When it comes to teaching the multiplication facts, students will often find multiplying by 6, 7, 8 and 9 the trickiest to master.

There are two main reasons why.

**Students don't understand the Commutative Property of Multiplication.**They don't see 6 x 4 and 4 x 6 as being equivalent. While they can answer 4 x 6, the answer to 6 x 4 eludes them. This means that when they learn the 6x facts rather than understanding they only need to learn 6 x 6, 6 x 7, 6 x 8 (and 6 x 9 if you haven't taught it earlier), they think they need to learn 11 new multiplication facts (0 – 10x) or 13 if you're teaching to the 12s multiplication facts. That can be overwhelming.**Students don't know any****multiplication strategies****to help them**.

Sadly it's thought that as many as

40% of students have not developed a confident knowledge of these facts by the time they leave primary school.

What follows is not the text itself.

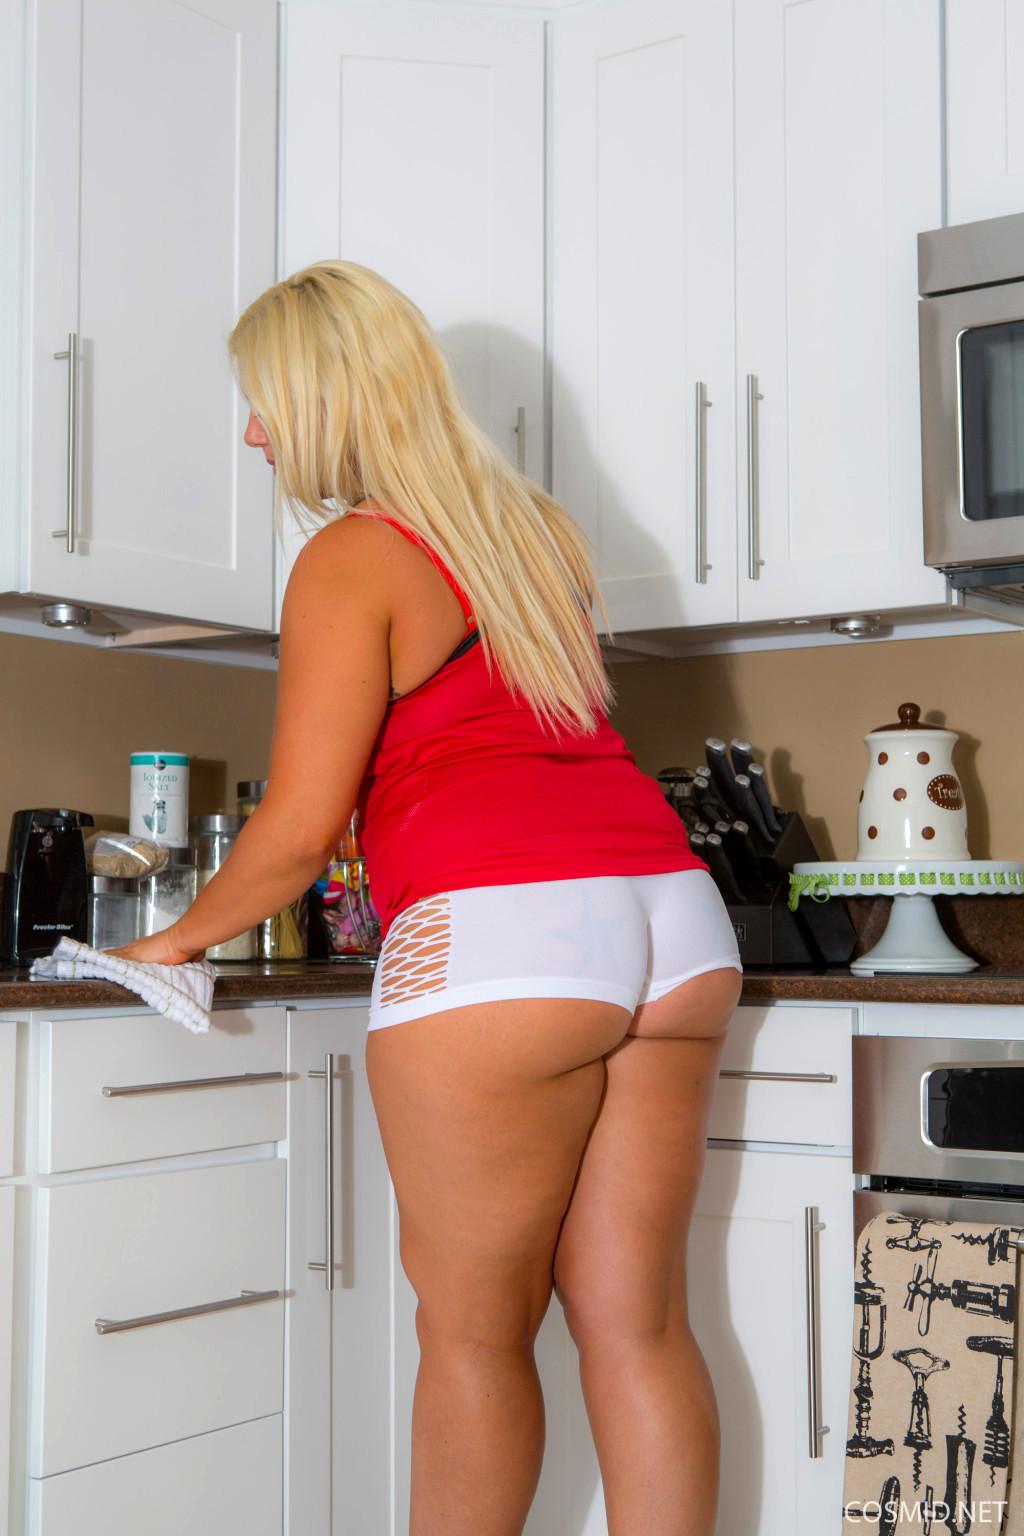 Amanda Clark Porn cosmid amanda clark xxxsmokers large ass vipsex porn pics

(Siemon et all cited in McIntyre 2014)

## Using Multiplication Strategies

In a previous blog post, I've talked about the need to introduce the facts in an order other than numerical. That is, we don't introduce the facts starting at 0 and going through to 12x. If we change the order so we are beginning with the foundation facts 2, 5 and 10s multiplication facts, students can build upon the facts they know to help them with unknown facts.

The 6, 7 and 8s multiplication facts rely on skip counting from a known fact to find the answer to an unknown fact. For example, if a child knows the answer to 5 x 8, to find the answer to 6 x 8 they would count on (or add) one more group of 8. They should not be counting through all the multiples of 6 to find the answer.

The 9s multiplication facts can also use this strategy but students need to subtract a group of nine. If you've taught the facts in the recommended order, students will already know their 10s facts. 10 x 6 is 60 therefore 9 x 6 is one less group of 6 so the answer is 54 (60 – 6 = 54). There is another thinking strategy for the 9s facts but I won't talk about it here.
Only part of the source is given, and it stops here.